First off, my thoughts and prayers go out to all of those effected by the horrific earthquake and series of aftershocks located near Port-au-Prince Haiti January 12, 2010.

Overview of the Quake:
The earthquake struck Port-au-Price Haiti at just before 5:00 PM local time. According to news sources the quake was a shallow quake and the main quake measured a 7.0. There were numerous aftershocks with the major ones measuring close to 6.0.

Effects in the Dominican Republic:
Many Dominican Republic residents felt the earthquake. In Santo Domingo estimates are that the earthquake measured somewhere between a 3.0 and 4.0.

The wide spread feeling in the country is one of great sorrow and prayer for the injured and their families. The Dominican government has declared that it will assist in any way it can to provide supplies and personnel to assist in the recovery efforts in Haiti. According to news sources the Dominican Republic was the first to respond to the disaster and has remained a vital part of the relief efforts. In addition to the Dominican government's efforts, many Dominican Republic residents are sending water and food supplies to various collections locations around the country so they can be sent to the crisis zone.

The response from the citizens of the Dominican Republic has been overwhelming. Individuals, companies, and the government are all involved in helping out their injured neighbor. The earthquake and what the country can do to help out its neighbor are just about the only topics discussed in the Dominican Republic. Everyone is praying, collecting items to donate, and planning for how they can be of assistance.

As far as I can tell there has not been any major damage in the Dominican Republic. There are several reports of cracks in buildings, but no major damage or injuries have occurred in the Dominican Republic.
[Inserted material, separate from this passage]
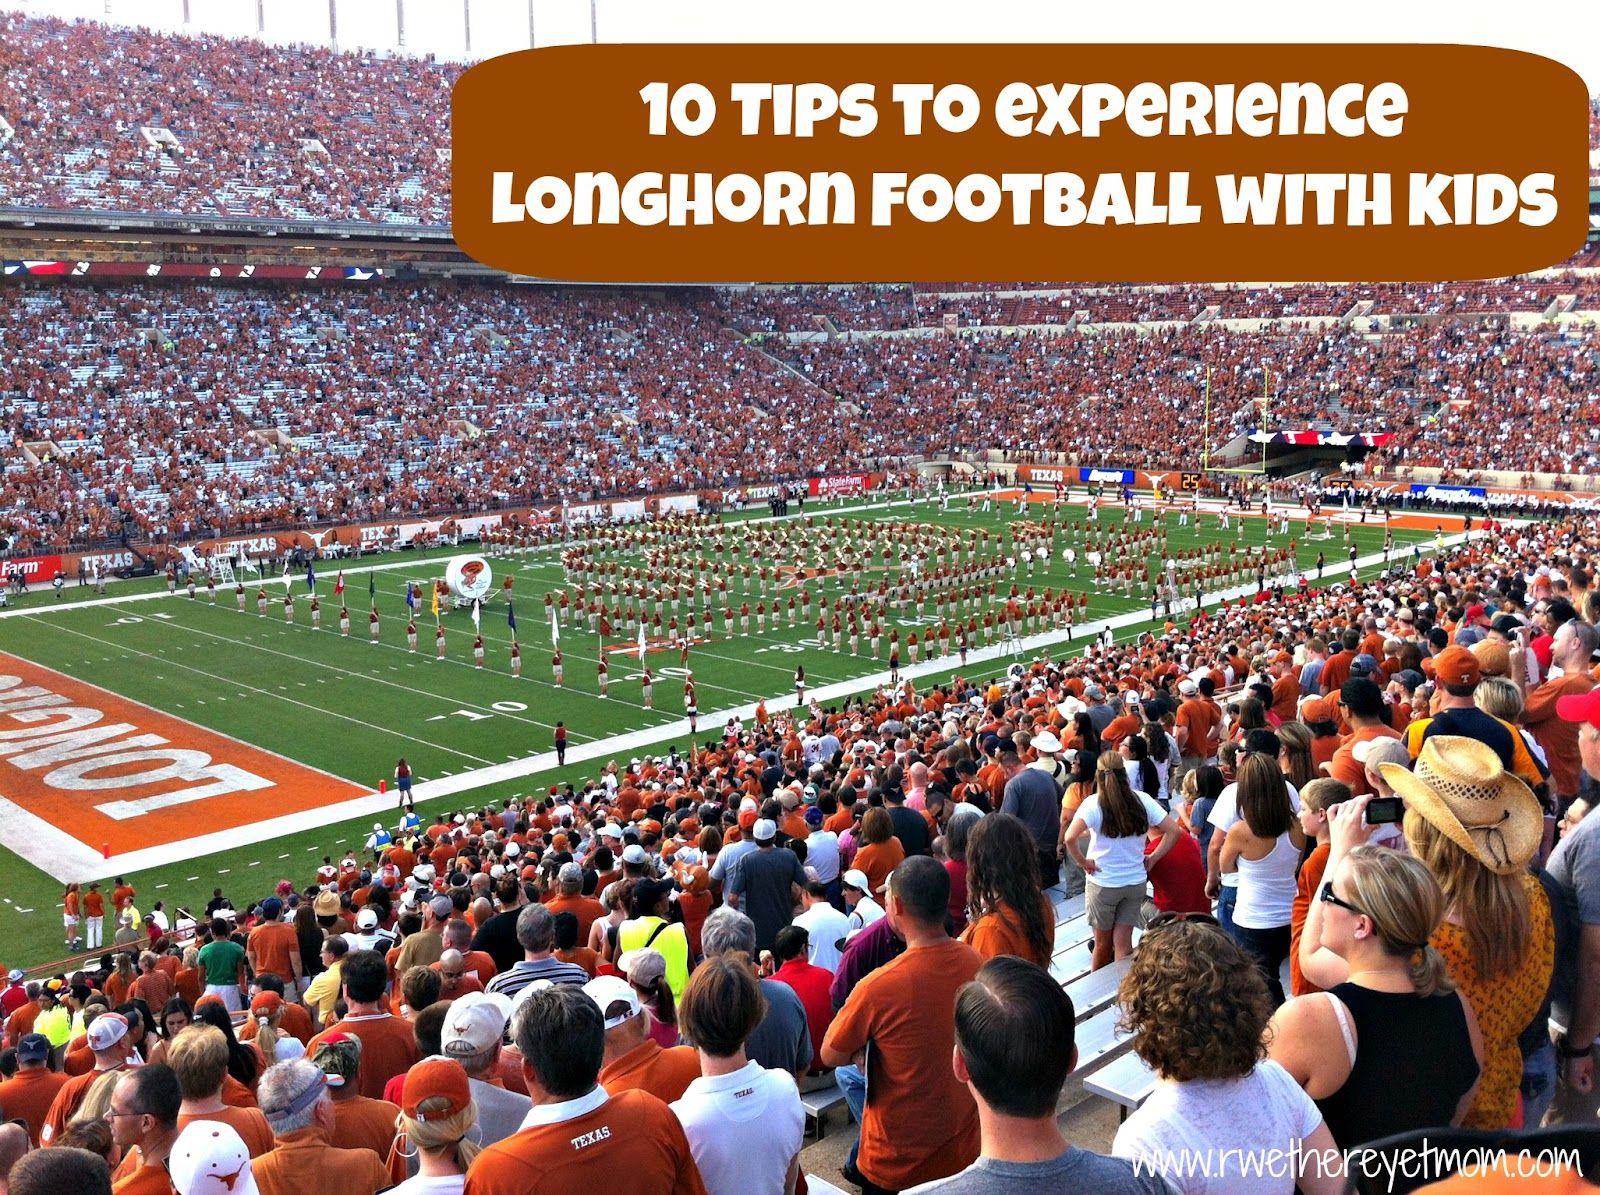 10 Tips For Ut Longhorns Football Game With Kids Longhorns

My personal experience: (Written January 13, 2010)
I was working in my home office in Santo Domingo. The internet went out and I decided to go get a drink from the kitchen when I noticed I was having a hard time standing up. It felt like I was kind of dizzy or something was wrong in my head.

I decided to go to my bedroom and take something because I felt like I had a headache. When I entered my room I noticed there was a bottle of water on my bedside table that was rocking quite a bit. I also noticed several metal objects in the closet were knocking against the wall.

At the time, I did not know it was an earthquake. I thought it was wind blowing through our apartment, so I closed the windows and continued on to the kitchen.

It was not until about an hour later that I got internet back and was able to find out there had indeed been an earthquake. It was at this time that things started to move very quickly. I believe the quake took place at around 6:00 PM in the Dominican Republic. I found out there was a quake at just after 7:00 PM.

I immediately headed to the internet to find out what was going on. The news in the Dominican Republic and the government was very strongly encouraging people in the Dominican Republic to beware because there was a tsunami warning. I quickly found the warning, which stated that the first wave of the potential tsunami would hit Santo Domingo at 7:38 PM, which was less than 40 minutes away.

I started to call family members who live close to the ocean to get them to go to come over to our place, which is on much higher ground. We ended up having 7 family members spend the night with us and ended up passing the evening playing games and talking.

The tsunami ended up being less than a foot tall, so its effects were nil.

Looking back on the response by the Dominican Government, I am happy they were very quickly warning residents of the potential for a tsunami. I was impressed how quickly they got the word out. The biggest problems I noticed were the lack of cell phone space. Most of the carriers were way over capacity and it was hard to get calls in or out. Also, in my house the internet went out and was gone all night. For me, the lack of internet made it difficult to let family know we were alright. It also made it hard to find out what was going on.

(January 17, 2010)
I have been watching the Dominican Republic's response to the earthquake this past week and have to say I am amazed at how much the country has done to help with the recovery efforts. Today, I was able to go to the Santo Domingo airport and see first hand what the country is doing. I saw two entire lines of cargo planes lined up on the airfield. According to people I asked, the planes were from Brasil, Spain, and the United States. I understand that the Santo Domingo Airport has received many planes filled with supplies and while I was there a security officer stated that there were currently 200 planes at the airport related to the relief efforts.

In addition to the planes I witnessed at the Santo Domingo Airport, the Dominican Republic is currently hosting more than 2000 planes at airfields around the country. The country is assisting its neighbor by allowing injured to be treated in its hospitals.

While I was at the airport I was able to see the airplane of Hilary Clinton, a small UN relief plane, as well as dozens of other much larger cargo relief craft land and take off.

(February 24, 2010)
Commercial flights to Puerto Prince Haiti have started again so the load of relief related traffic to Santo Domingo has started to subside. I have friends who are in Haiti this week helping to reconstruct an orphanage. From the reports I have been getting there is not a proper way to describe the destruction Haiti has received.